5,500 MPS lay-offs, 28.6 bn NPLs to shed (3)

EU plan sees 1.2 bn net profit in 2021

(ANSA) - Rome, July 5 - The Monte dei Paschi di Siena (MPS) restructuring plan sees 5,500 lay-offs over 2017-2021 with some 600 of the current 2,000 branches closing, sources said Wednesday. MPS's net profit will be over 1.2 billion euros in 2021, according to the plan. The junior and mezzanine tranches of non-performing loans will be sold to the Atlante 2 fund at 21% of their gross value, and 28.6 billion euros in NPLS are to be shed in all, the plan said. CEO Marco Morelli said "this is an important turning point, a milestone to get MPS back onto a growth track". Trade unions said they were happy that lay-offs would be on a voluntary basis. MPS will probably return to the Milan bourse this autumn, sources said.
    The European Commission on Tuesday approved 5.4 billion euros in State aid for the precautionary recapitalisation of MPS after the in-principle accord reached on June 1 by Economy Minister Pier Carlo Padoan and Competition Commissioner Margrethe Vestager.
    Padoan, for his part, said that the MPS rescue plan was a turning point for the Italian banking system and that the Treasury would take up its 70% stake in July.
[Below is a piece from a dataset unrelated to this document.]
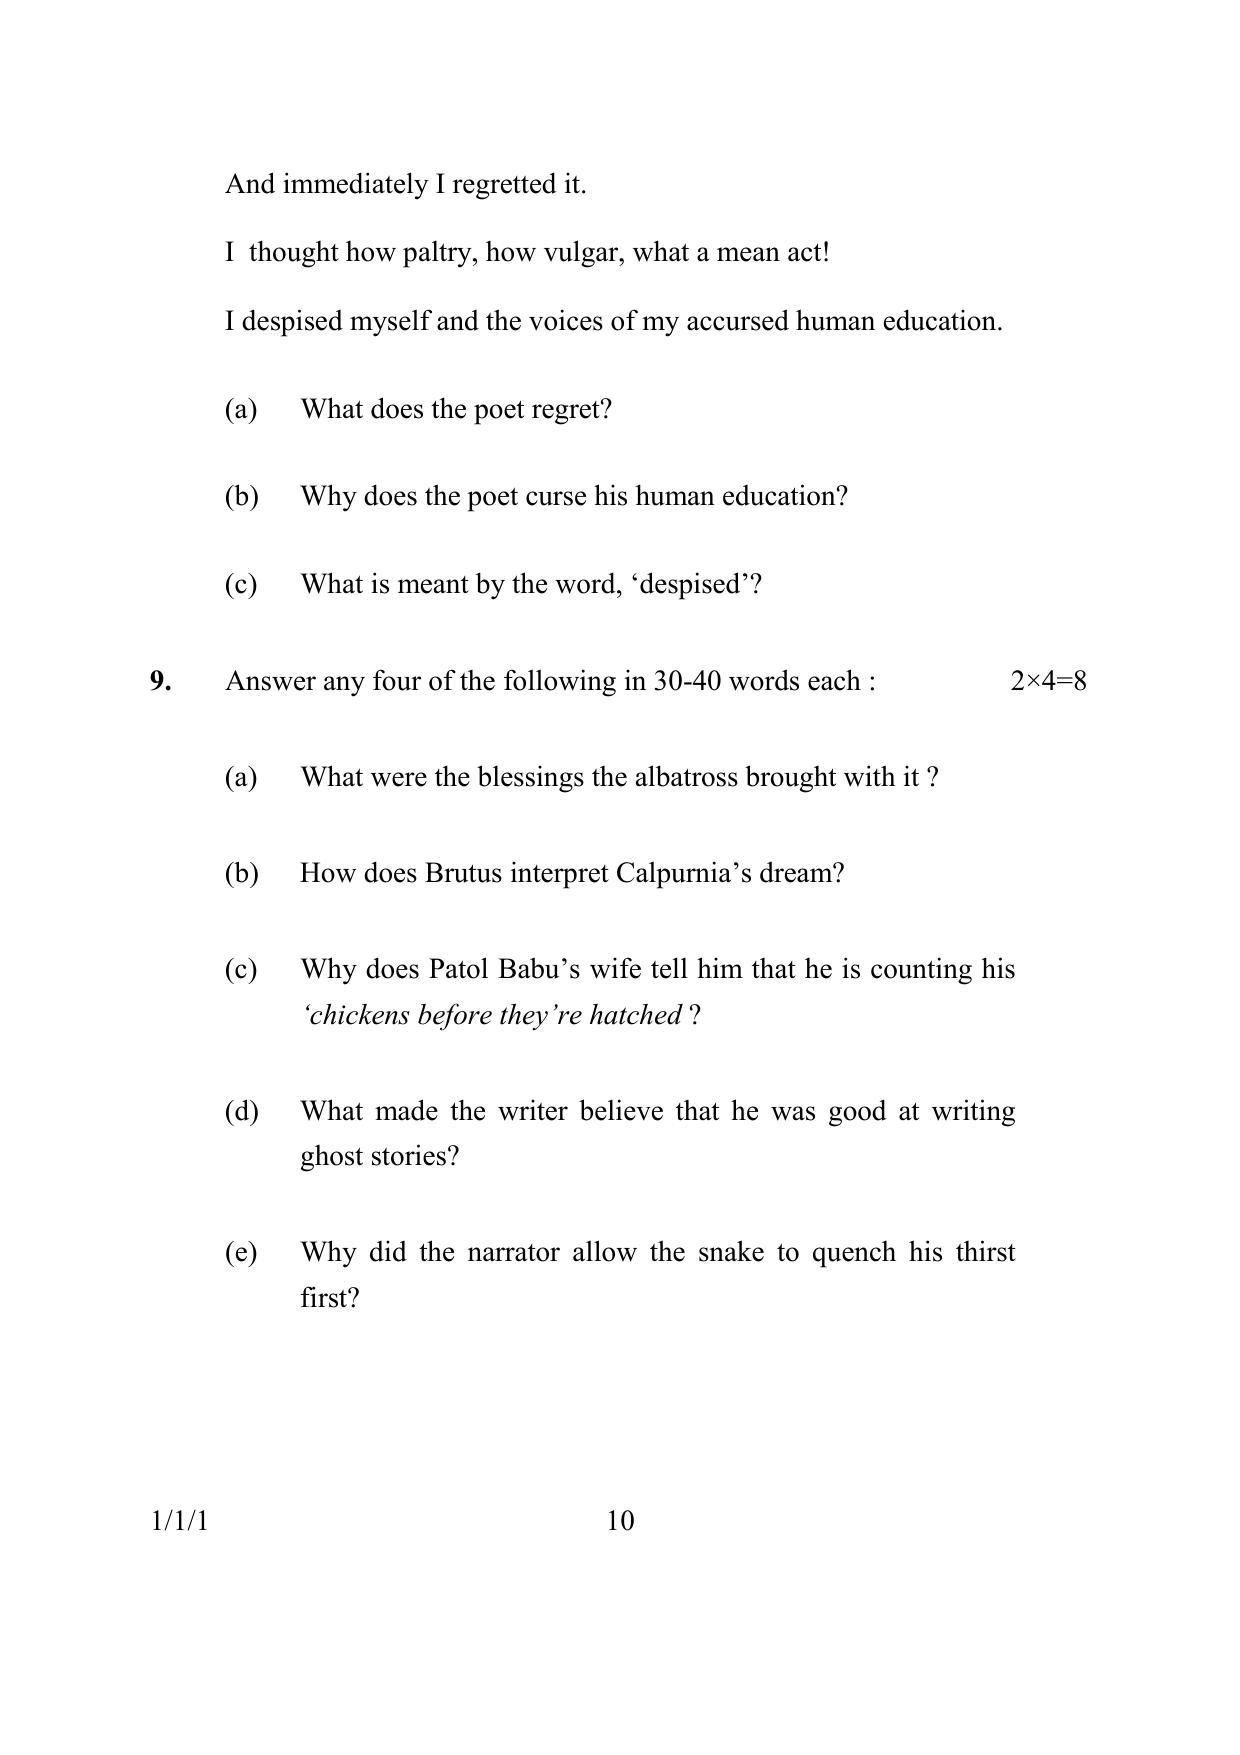 CBSE Class 10 1-1-1 ENGLISH COMMUNICATIVE 2016 Question Paper - Page 10

    A statement from the EC said: "The two conditions for this agreement are now both fulfilled, namely the European Central Bank has confirmed that MPS is solvent and meets capital requirements, and Italy has obtained a formal commitment from private investors to purchase the bank's non-performing loan portfolio." The Commission said that in order to approve Italy's support for the troubled Tuscan lender, "MPS's shareholders and junior creditors have contributed ª4.3 billion to limit the use of taxpayer money as required by EU state aid rules".
    The restructuring of MPS will be completed in five years during which the bank plans to "re-orient its business model towards retail customers and small and medium-sized businesses, strengthen its efficiency and improve its credit risk management", the Commission said.
    As part of this, MPS's senior management will be subject to a salary cap of 10 times the average salary of MPS employees.
    Another key element of the plan, the EC said, is the disposal of a 26.1-billion-euro non-performing loan portfolio on market terms by transferring it to a privately-funded special vehicle.
    This operation will be partially funded by the Atlante II fund.
    MPS will also sell the lower risk senior notes of the vehicle to private investors.
    To facilitate this sale, it will apply for State guarantees on market terms for the senior tranche under an Italian State guarantee scheme (the so-called "GACS", an aid-free scheme approved by the Commission in February 2016).
    Padoan, for his part, told a Rome press conference that the rescue of MPS is "an extremely important element for the bank and the Italian banking system and a further turning point after last week's deal on the Veneto banks".
    "It's a plan that gives certainties, a sustainable timeframe for the bank which will have a very important level of capital".
    The Treasury will have a 70% stake in MPS after the bank's precautionary recapitalisation, Padoan said.
    Ministry official Alessandro Rivera said the operation will be 8.1 billion overall and the Treasury will underwrite a 3.9 billion hike by the end of July, while 1.5 billion will be used to buy back junior bonds in the autumn after burden sharing has been applied, for a final disbursement of 5.3 billion euros.
    The restructuring plan "gives certainties" and "a credible horizon" for the bank which will have "an important level of capital and will shed almost all its non-performing loans, for a gross value of more than 28 billion euros, by the first half of 2018", Padoan said.
    The MPS rescue has enabled Italy "not to offload the cost of bail-outs onto taxpayers," Padoan said, by envisaging a "limited use" of public resources.
    Padoan said he was "confident public money will not only be recovered, but there will also be a bonus" as Monte dei Paschi di Siena improves over the years following its rescue.
    Padoan said he had the "utmost confidence" in the current top management of Monte dei Paschi di Siena, when asked if they will be confirmed.
    The rescue ends "an 'annus horribilis', which started in June of last year with the stress test, we had the total awareness we were at the epicentre of the Italian, and not only Italian, banking crisis", MPS President Alessandro Falciai said, vowing that "the bank will be very flourishing" and "among the most solid in the EU".
    There will be no firings in the restructuring of MPS, CEO Marco Morelli said.
    The State will exit the bank's capital in 2021, Falciai said.